__What the task requires__
Using the data below, output a verbatim copy of the lines between the one holding "Kobe Bryant: The Black Mamba's last stand" and the one holding "Image of Mendicula", inclusive, without any pictures.

__Data records__
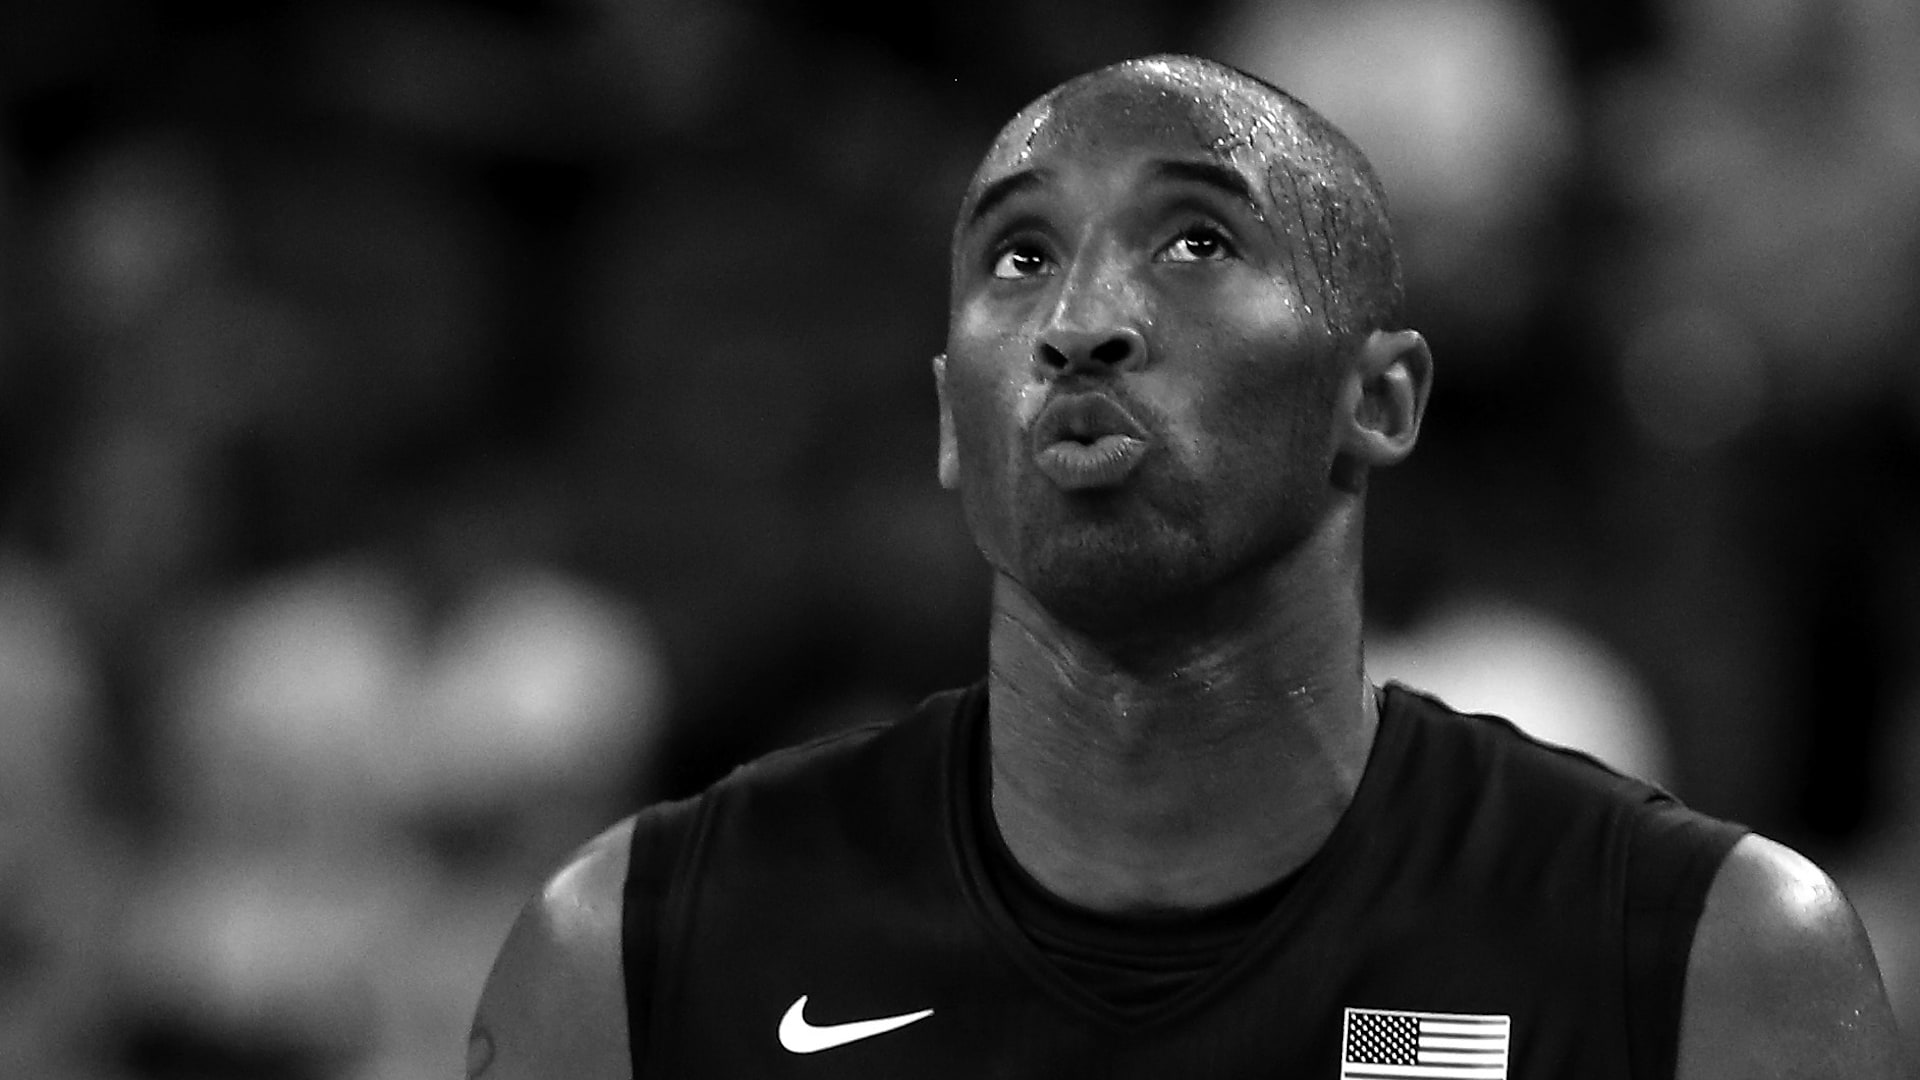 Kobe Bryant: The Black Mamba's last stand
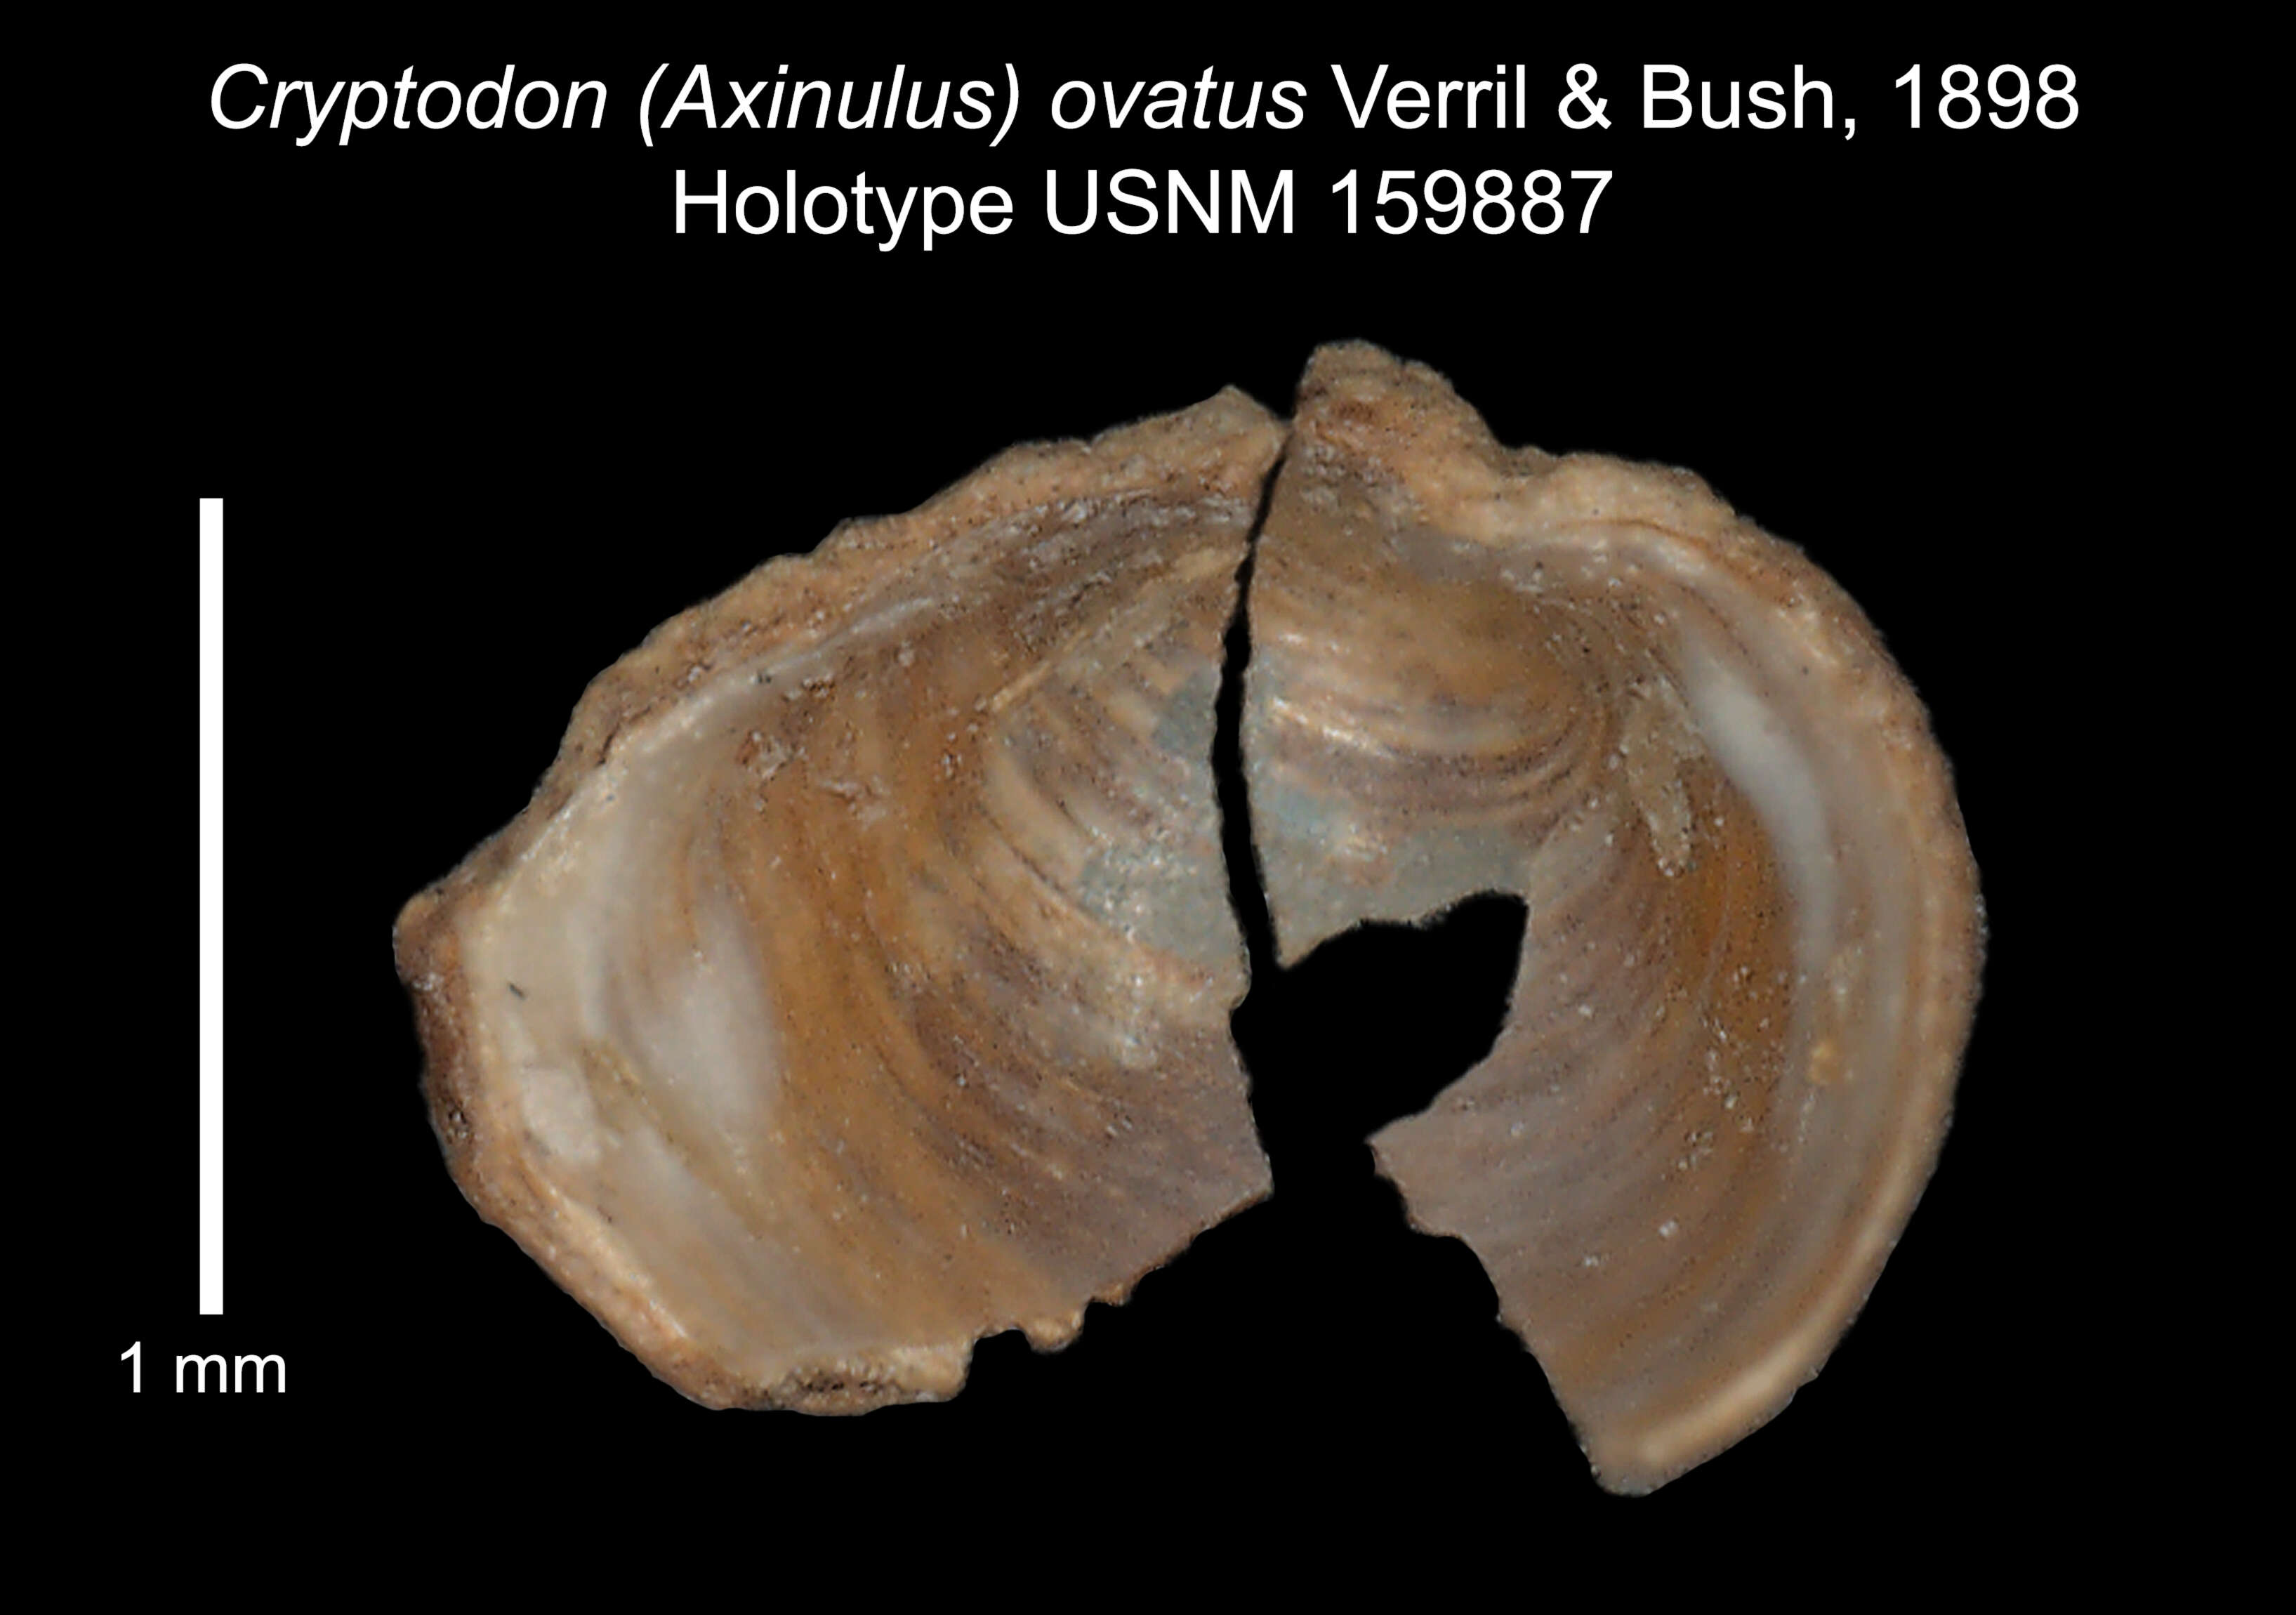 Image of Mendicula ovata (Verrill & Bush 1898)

* * *

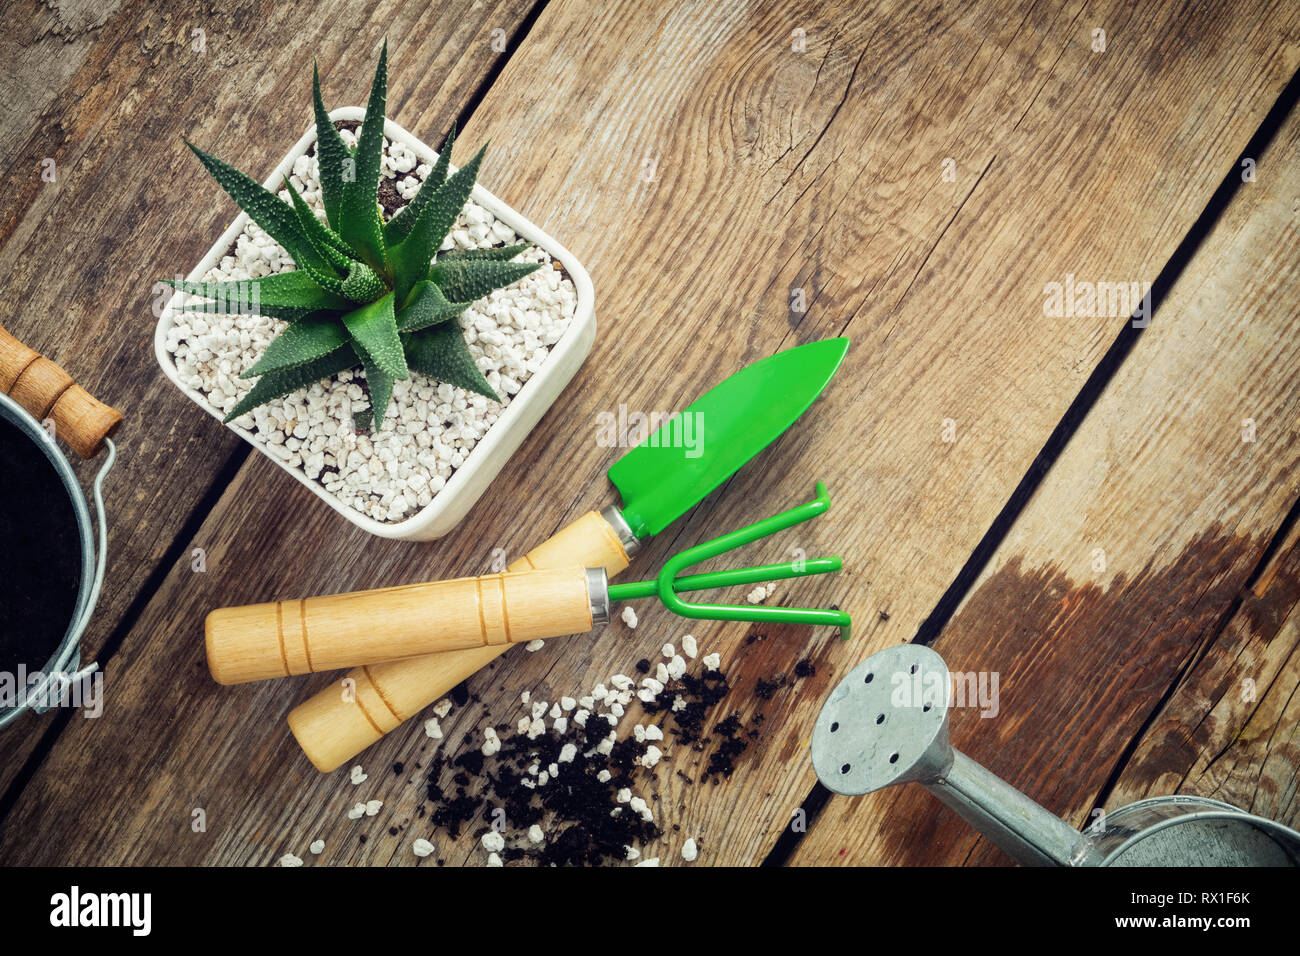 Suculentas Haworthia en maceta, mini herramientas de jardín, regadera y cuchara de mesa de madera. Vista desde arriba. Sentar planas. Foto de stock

__Written answer__
 Kobe Bryant: The Black Mamba's last stand
 Image of Mendicula ovata (Verrill & Bush 1898)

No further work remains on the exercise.